Episodic memory is a core feature of Alzheimer's disease (AD) and mild cognitive impairment (MCI). Impaired episodic memory in AD results from the dysfunction of an integrated network and involves both gray and white matter pathologies. We explored the neural correlates of episodic memory in AD, MCI and healthy aging by correlating a measure of episodic memory with hippocampal volume and fractional anisotropy (FA) and mean diffusivity (MD) of the cingulum and fornix. Episodic memory was associated with hippocampal volume and MD of the cingulum and fornix. In contrast, there were fewer significant associations between episodic memory and FA. These findings support a relationship between episodic memory and hippocampal circuitry, and suggest that MD is a more sensitive marker of decreased white matter integrity in the study of AD and MCI than FA. Furthermore, MD was significantly associated with hippocampal volume, indicating that white matter pathology is not completely independent of gray matter pathology. However, the pattern of diffusivity differences in AD and MCI implies a more complex pathology than simply Wallerian degeneration.
mpaired episodic memory is a core feature of both Alzheimer's disease (AD) and mild cognitive impairment (MCI) (Dubois et al., 2007), although the continuous nature of decline results in an overlap between diagnostic groups (Petersen, 2004). It is hypothesised that impaired episodic memory in AD results from the dysfunction of an integrated network that includes the medial temporal lobe, mamillary bodies, dorsomesial thalamus, posterior cingulate, and the connecting white matter tracts (Nestor et al., 2006). Correlations between episodic memory and elements of this limbic–diencephalic network have been detected across the spectrum of healthy aging, MCI and AD. For example, impaired verbal episodic memory has been associated with reduced hippocampal volume, measured using structural magnetic resonance imaging (MRI) (Choo et al., 2010 and Leube et al., 2008), and also impaired integrity of the cingulum and fornix, measured with diffusion tensor imaging (DTI) (Choo et al., 2010, Fellgiebel et al., 2005 and Mielke et al., 2009).
DTI characterises the orientation and integrity of white matter tracts by measuring the diffusion of water molecules in living neural tissue (Le Bihan, 2003). The three-dimensional water diffusivity obtained from the diffusion tensor can be modelled as an ellipsoid whose orientation is defined by the three eigenvectors (ε1, ε2, and ε3), which represent the major, medium, and minor principal axes and whose shape is defined by the three eigenvalues (λ1, λ2, and λ3), which represent the diffusivities in the three eigenvector directions. As the major eigenvector reflects the direction of maximum diffusivity, it is assumed to reflect the orientation of the white matter tract. The degree of diffusion anisotropy and the overall displacement of water molecules can be examined using fractional anisotropy (FA) and mean diffusivity (MD) values, respectively. In addition, diffusivity can be studied in greater detail using axial diffusivity (DA, λ1, diffusivity parallel to the white matter tract) and radial diffusivity (DR, (λ2 + λ3) / 2, diffusivity perpendicular to the white matter tract). Although FA is the most commonly used DTI metric, it lacks sensitivity when diffusivity in all three directions displays similar changes. This may be particularly relevant in AD, where several degenerative processes may be at play. For example, white matter degradation may result from myelin breakdown in line with the retrogenesis hypothesis, Wallerian degeneration occurring secondary to gray matter pathology, and also local microvascular changes. Indeed, MD has been found to be more sensitive than FA in detecting group differences between AD and control participants (Acosta-Cabronero et al., 2010) and in reflecting Mini-Mental State Examination (MMSE) decline within AD (Nakata et al., 2009 and Yoshiura et al., 2002).
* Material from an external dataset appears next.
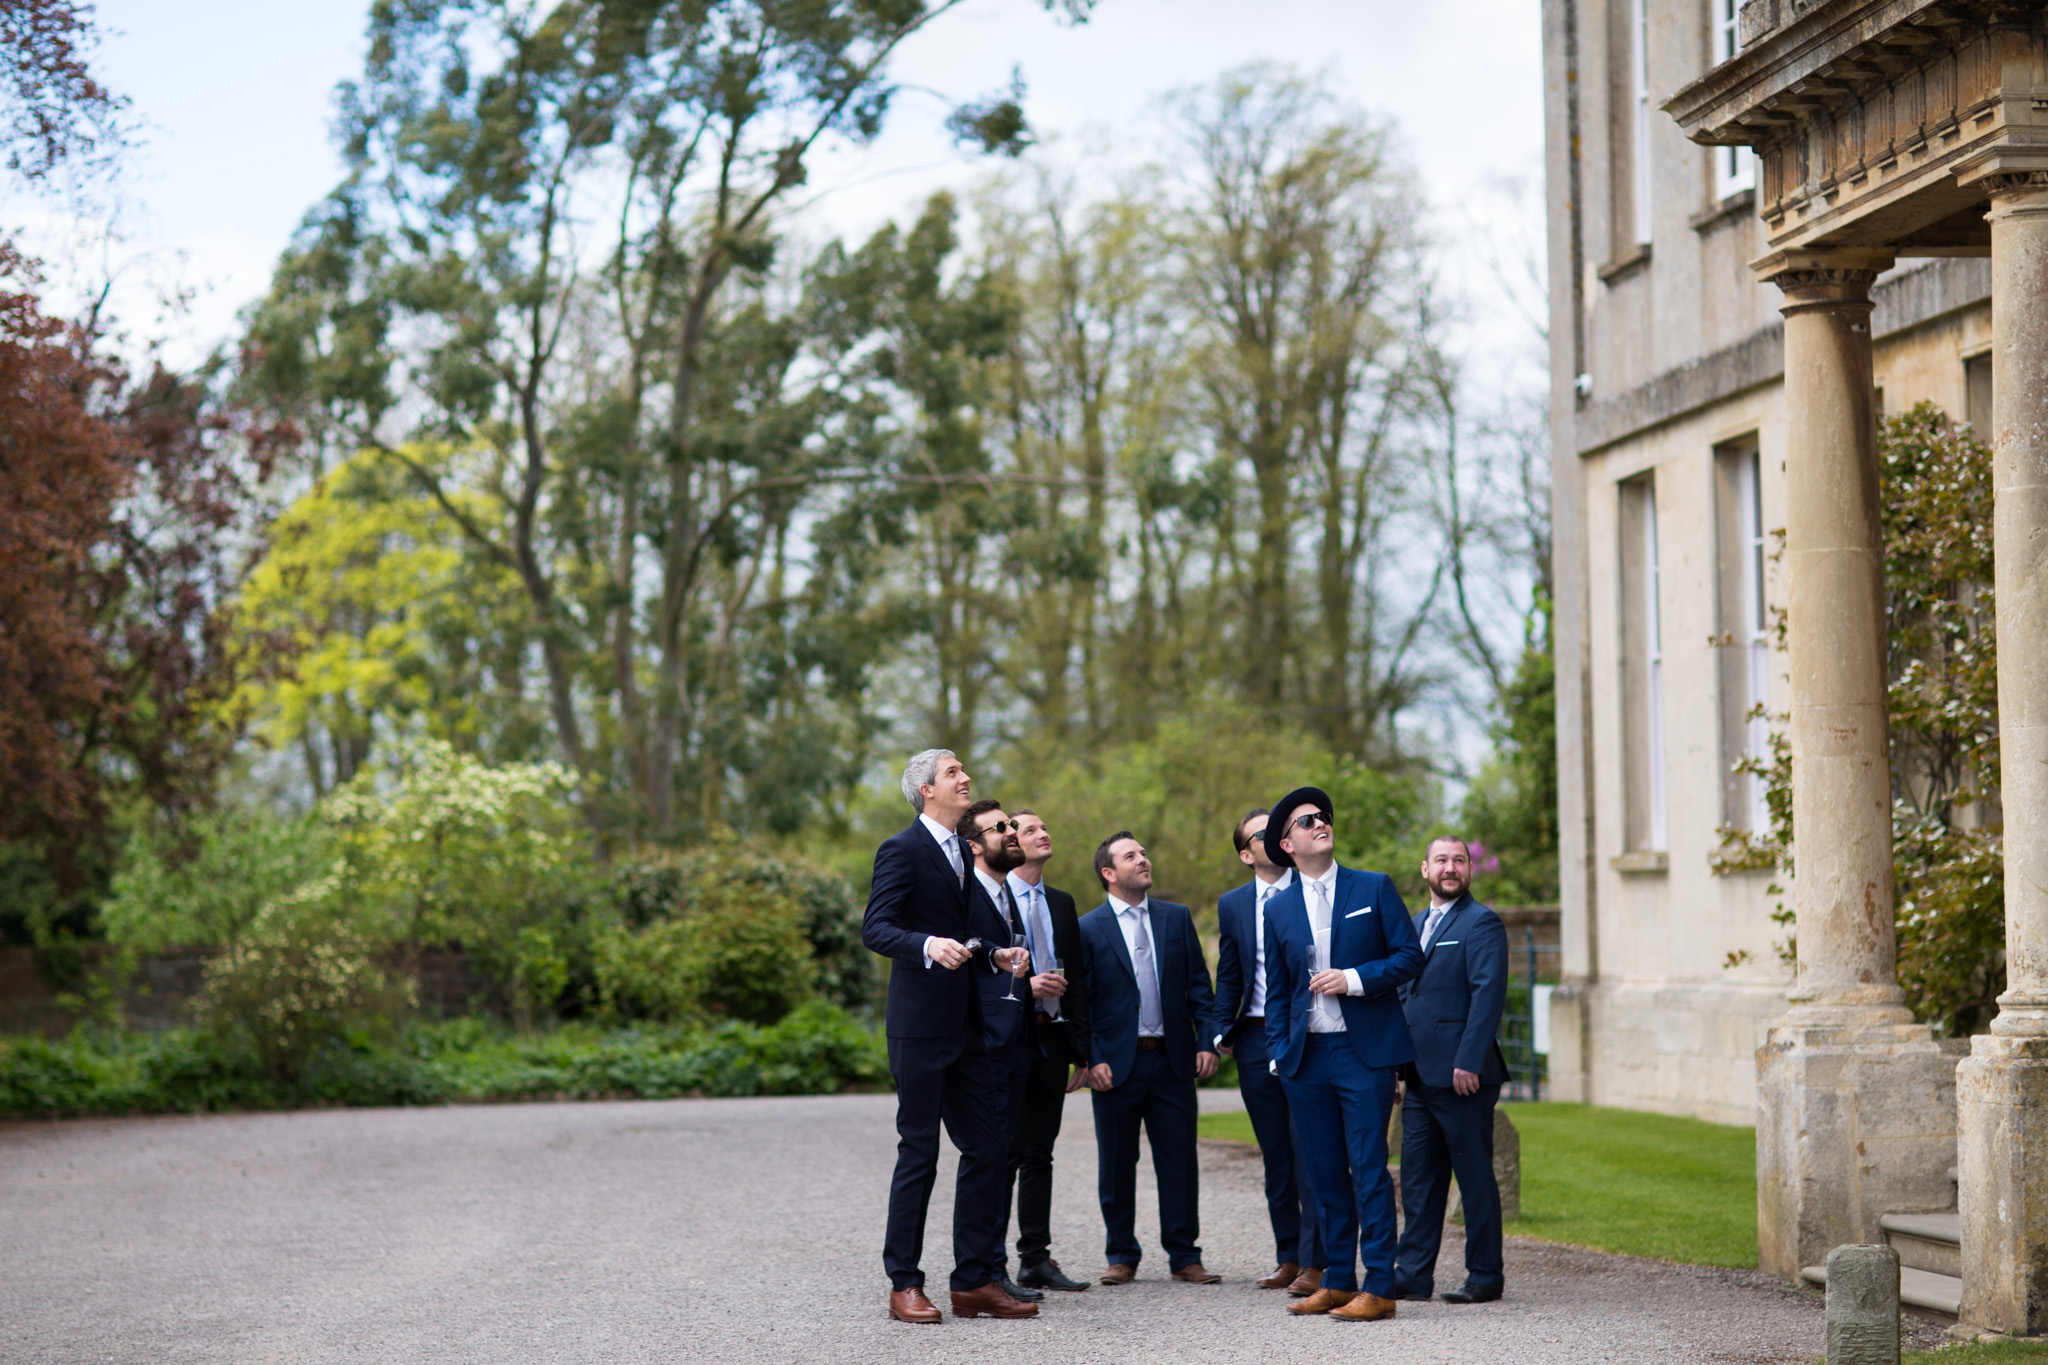 Mark_Barnes_Gloucester_Wedding_Photographer_Elmore_Court_Wedding_Photography_Mike+Kelly-9.jpg

Tract-based spatial statistics (TBSS) is a DTI analysis technique that projects all subjects' FA data onto a tract skeleton which represents the centres of all tracts common to the group. The TBSS protocol minimises the effects of misregistration, which is especially important when studying patient groups that can display significant atrophy. In the present work we use neuroimaging measures obtained from structural MRI and DTI in order to thoroughly examine the neural correlates of episodic memory. With regard to structural MRI, we use an automatic segmentation tool to examine the volume and shape of hippocampus. With DTI, we utilise the TBSS processing strategy to determine a white matter skeleton, then create cingulum and fornix regions of interest (ROIs) overlaid on the skeleton. Due to the complex pathology of AD, we hypothesised that MD would be a more sensitive marker of episodic memory than FA.